NetBSD Problem Report #57160

From bouyer@antioche.eu.org  Wed Jan  4 19:40:03 2023
Return-Path: <bouyer@antioche.eu.org>
Received: from mail.netbsd.org (mail.netbsd.org [199.233.217.200])
	(using TLSv1.3 with cipher TLS_AES_256_GCM_SHA384 (256/256 bits))
	(Client CN "mail.NetBSD.org", Issuer "mail.NetBSD.org CA" (not verified))
	by mollari.NetBSD.org (Postfix) with ESMTPS id C88191A9239
	for <gnats-bugs@gnats.NetBSD.org>; Wed,  4 Jan 2023 19:40:03 +0000 (UTC)
Message-Id: <20230104193959.3483B10683@rochebonne.antioche.eu.org>
Date: Wed,  4 Jan 2023 20:39:59 +0100 (CET)
From: bouyer@antioche.eu.org
Reply-To: bouyer@antioche.eu.org
To: gnats-bugs@NetBSD.org
Subject: NFS (over TCP) very slow in 10_BETA
X-Send-Pr-Version: 3.95

>Number:         57160
>Category:       kern
>Synopsis:       NFS (over TCP) very slow in 10_BETA
>Confidential:   no
>Severity:       serious
>Priority:       medium
>Responsible:    kern-bug-people
>State:          open
>Class:          sw-bug
>Submitter-Id:   net
>Arrival-Date:   Wed Jan 04 19:45:00 +0000 2023
>Last-Modified:  Tue Jan 31 14:00:01 +0000 2023
>Originator:     Manuel Bouyer
>Release:        NetBSD 10.0_BETA
>Organization:
>Environment:
System: NetBSD rochebonne.antioche.eu.org 10.0_BETA NetBSD 10.0_BETA (GENERIC_CAN) #0: Wed Jan 4 16:41:59 MET 2023 bouyer@armandeche.soc.lip6.fr:/local/armandeche1/tmp/build/amd64/obj/local/armandeche2/netbsd-10/src/sys/arch/amd64/compile/GENERIC_CAN amd64
Architecture: x86_64
Machine: amd64
>Description:
	I have my mailbox (in mbox format) stored on a NFS server (which
	is a cubieboard 2 with a SATA SSD). The NFS mount uses:
	type nfs (nodev, nosuid, fsid: 0xb06/0x70b, reads: sync 0 async 0, writes: sync 0 async 0)
	The client is connected to a gigabit switch (using a alc(4) interface),
	the server is connected at 100Mbs.
	Since upgrading the client to 10.0_BETA loading the mailbox
	with mutt is very slow, and the transfers seems to pause
	several times.
	Reading the mailbox with dd gives expected speed:
	(I made sure there isn't local cache in the way)
	rochebonne:~> dd if=Mail/Inbox of=/dev/null
	132+1 records in
	132+1 records out
	138625298 bytes transferred in 17.273 secs (8025548 bytes/sec)
	I can't reproduce the slow read with dd.

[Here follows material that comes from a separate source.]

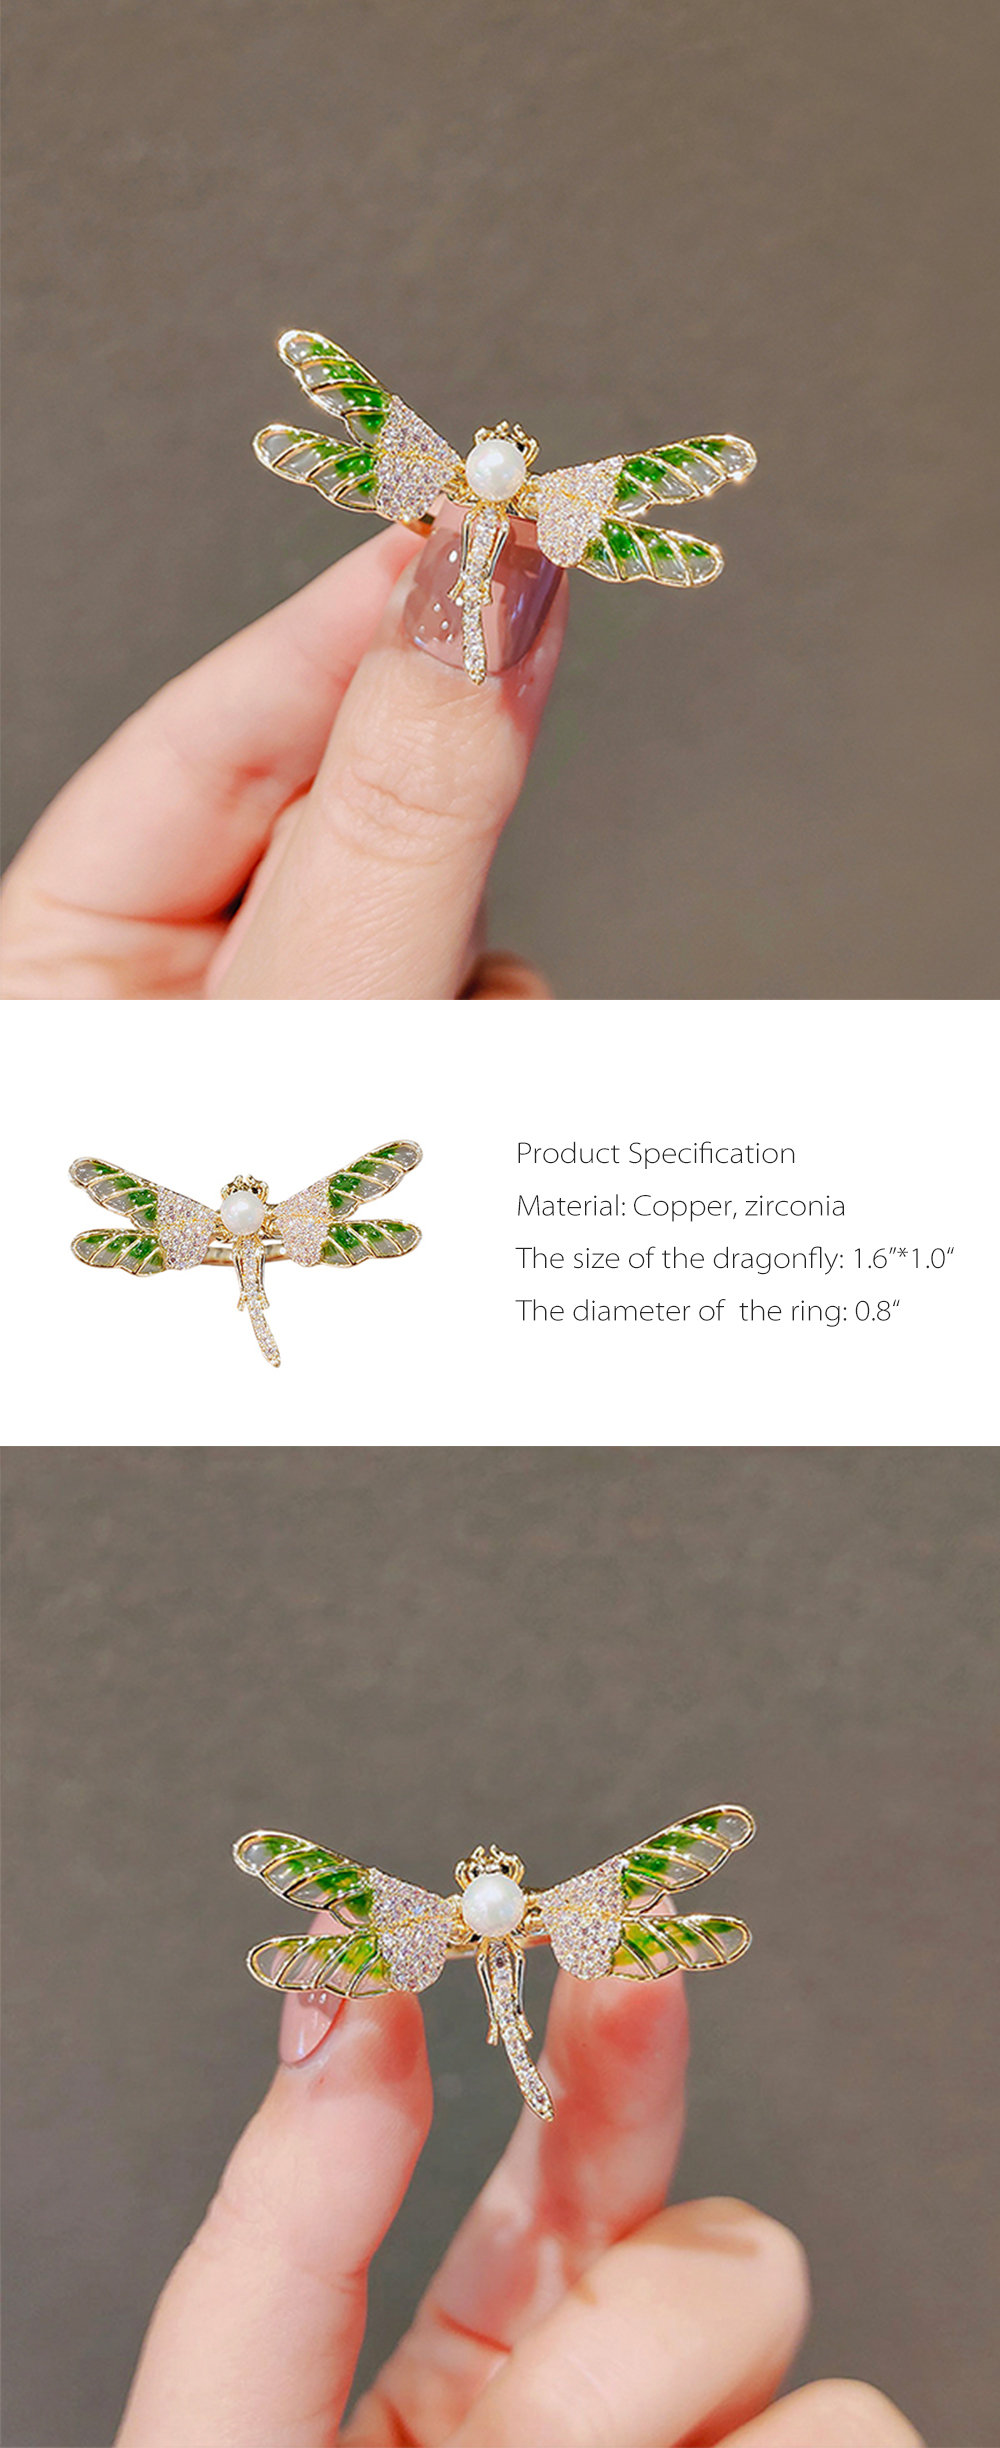 Dragonfly Ornament, Dragonfly Gift, Dragonfly Christmas Ornament -   Canada

	I have a similar setup at work (but with a much faster NFS server)
	and I didn't notice change in mutt performance on upgrade.

	tcpdump pcap file while loading the mailbox with mutt available
	on request in private mail.

>How-To-Repeat:
	store mailbox on NFS server and read it with mutt on a 10.0 system;
	it may depend on the network hardware.
>Fix:


>Release-Note:

>Audit-Trail:
From: Manuel Bouyer <bouyer@antioche.eu.org>
To: gnats-bugs@netbsd.org
Cc: kern-bug-people@netbsd.org, gnats-admin@netbsd.org, netbsd-bugs@netbsd.org
Subject: Re: kern/57160: NFS (over TCP) very slow in 10_BETA
Date: Thu, 5 Jan 2023 11:13:45 +0100

 On Wed, Jan 04, 2023 at 07:45:00PM +0000, bouyer@antioche.eu.org wrote:
 > >Description:
 > 	I have my mailbox (in mbox format) stored on a NFS server (which
 > 	is a cubieboard 2 with a SATA SSD). The NFS mount uses:
 > 	type nfs (nodev, nosuid, fsid: 0xb06/0x70b, reads: sync 0 async 0, writes: sync 0 async 0)
 > 	The client is connected to a gigabit switch (using a alc(4) interface),
 > 	the server is connected at 100Mbs.
 > 	Since upgrading the client to 10.0_BETA loading the mailbox
 > 	with mutt is very slow, and the transfers seems to pause
 > 	several times.
 > 	Reading the mailbox with dd gives expected speed:
 > 	(I made sure there isn't local cache in the way)
 > 	rochebonne:~> dd if=Mail/Inbox of=/dev/null
 > 	132+1 records in
 > 	132+1 records out
 > 	138625298 bytes transferred in 17.273 secs (8025548 bytes/sec)
 > 	I can't reproduce the slow read with dd.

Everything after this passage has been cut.